Военком сморщился, передразнив его.
— Ни-ка-ких! — с большим удовольствием выговорил он. — Никаких! Товарищей у нас, милый мой, хватает! Вся Красная Армия — наши товарищи. Гордиться должен таким доверием, гордиться, Федченко! Знаешь, какой момент?.. А я — что я? Я — особая статья. Погоди, еще встретимся… Ну, дай-ка я тебя чмокну, как сына, на прощанье, и вали к церкви. Быстро, быстро! Рассуждать поздно. Оттуда сейчас грузовик на Петергоф идет… Эвакуируют там кое-кого… Не опаздывай…
Вася, смущенный и очень взволнованный, неловко обнял широкие круглые плечи военкома…
— Я понимаю… Спасибо вам, товарищ военком… Ну, что ж? Так точно… Не опоздаю…
* * *
Грузовик, наполненный больными и легко ранеными красноармейцами, какой-то гражданской публикой, стоял за кладбищенской оградой. Шофер наливал воду в радиатор. Вася издали заметил, что сесть будет нелегко: машина переполнена. Но, подойдя поближе, он вдруг среди красноармейских фуражек и забинтованных голов увидел что-то знакомое, милое: мягкий финский платок, окутавший рыжеволосую девическую голову.
— Товарищ Урболайнен! Маруся! — крикнул он.
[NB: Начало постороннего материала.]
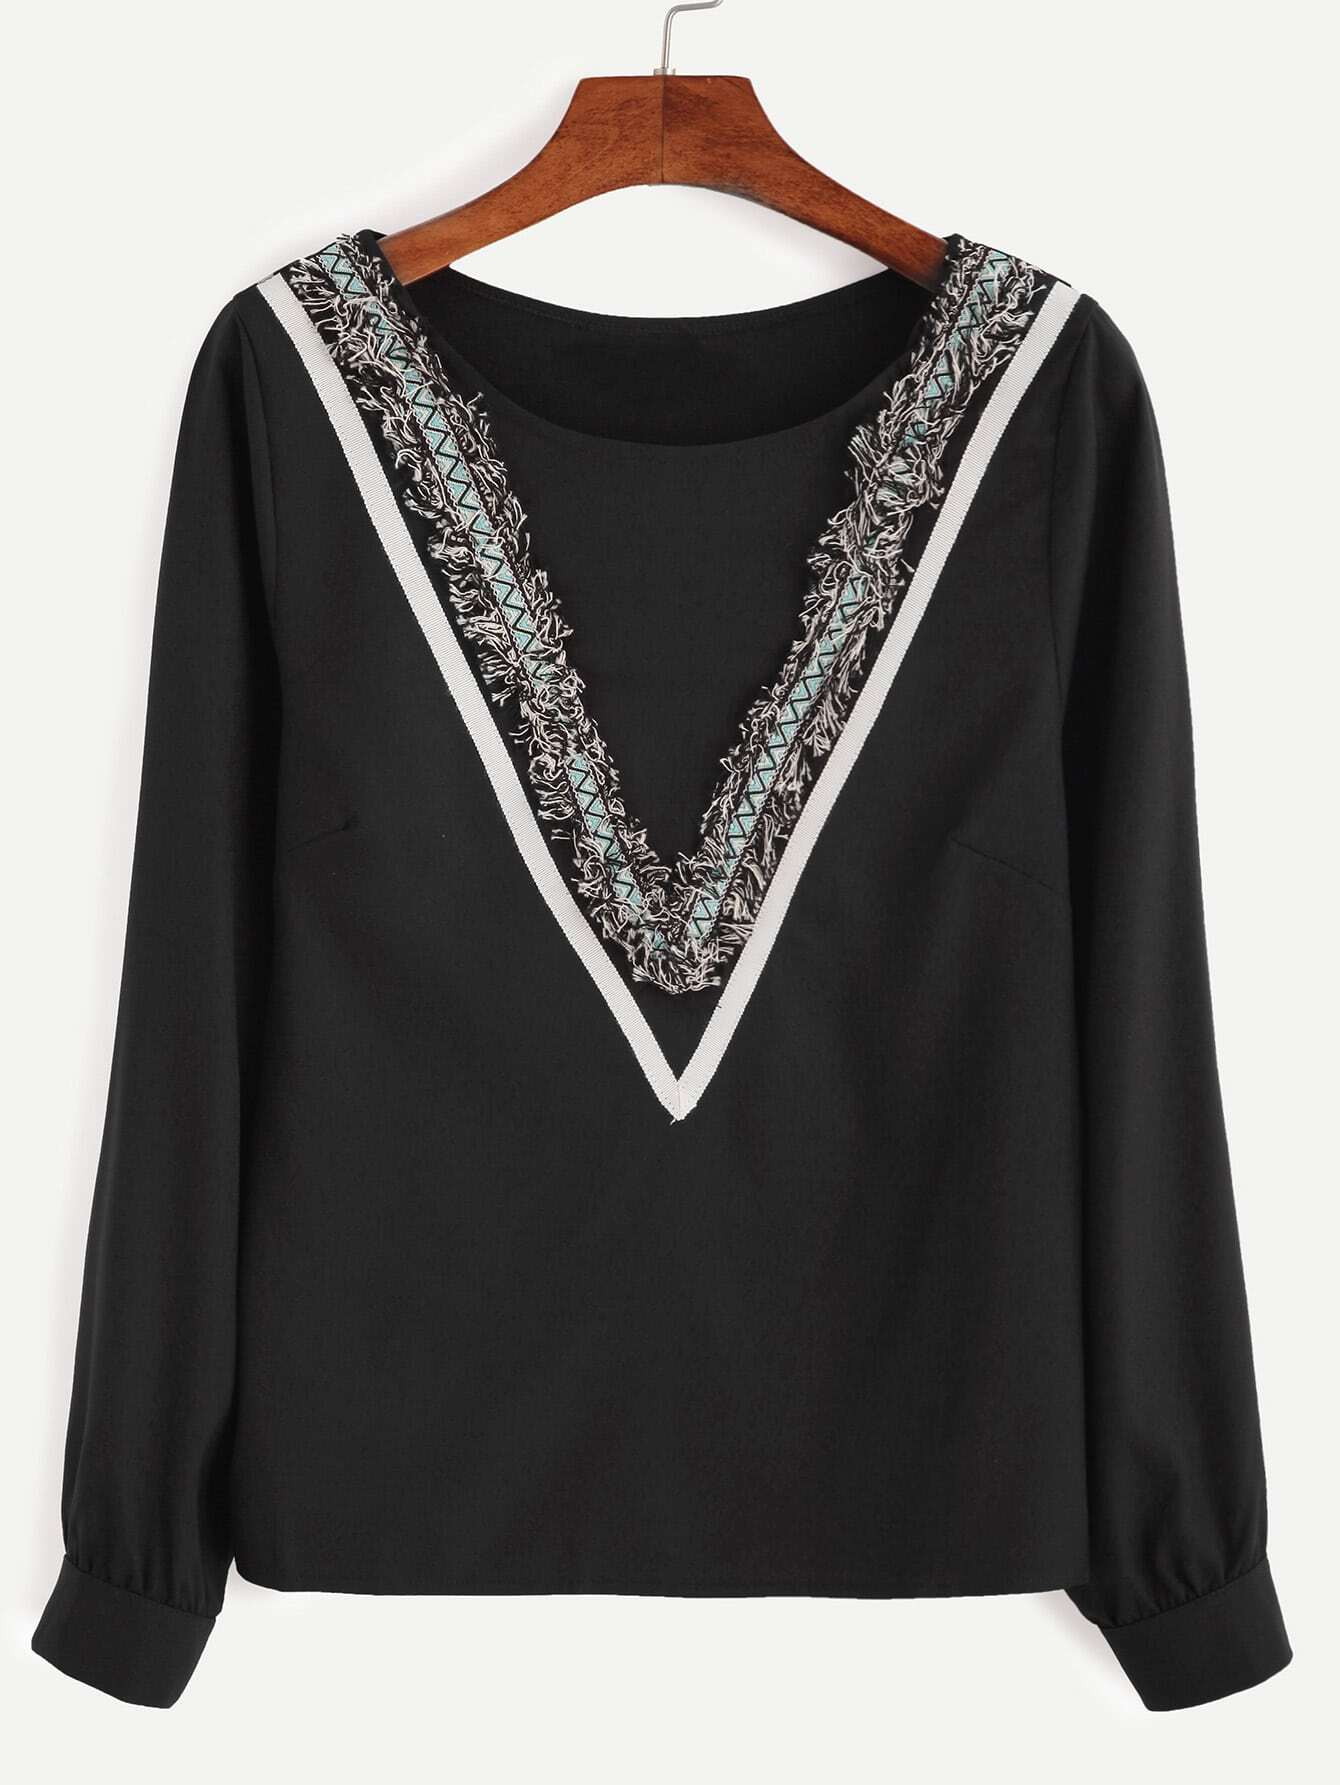 Black Embroidered Tape Detail Fringe Blouse blouse160928301

Девушка, вспыхнув, повернулась.
— Товарищ командир… Васили Григорич! — ахнула она. — Может так быть? Тут место, есть место… Наш папа пешком ушел…
Она протянула Васе сверху крепкую небольшую руку. Ступив ногой на шину, Вася вскочил в кузов. Он сел рядом с Марусей: она сжалась, как могла, чтобы он мог поместиться. Он посидел, не зная, что сказать, и тут только заметил, что так и не выпустил из своей руки ее теплую жесткую ладонь. Впрочем, она ее и не отнимала.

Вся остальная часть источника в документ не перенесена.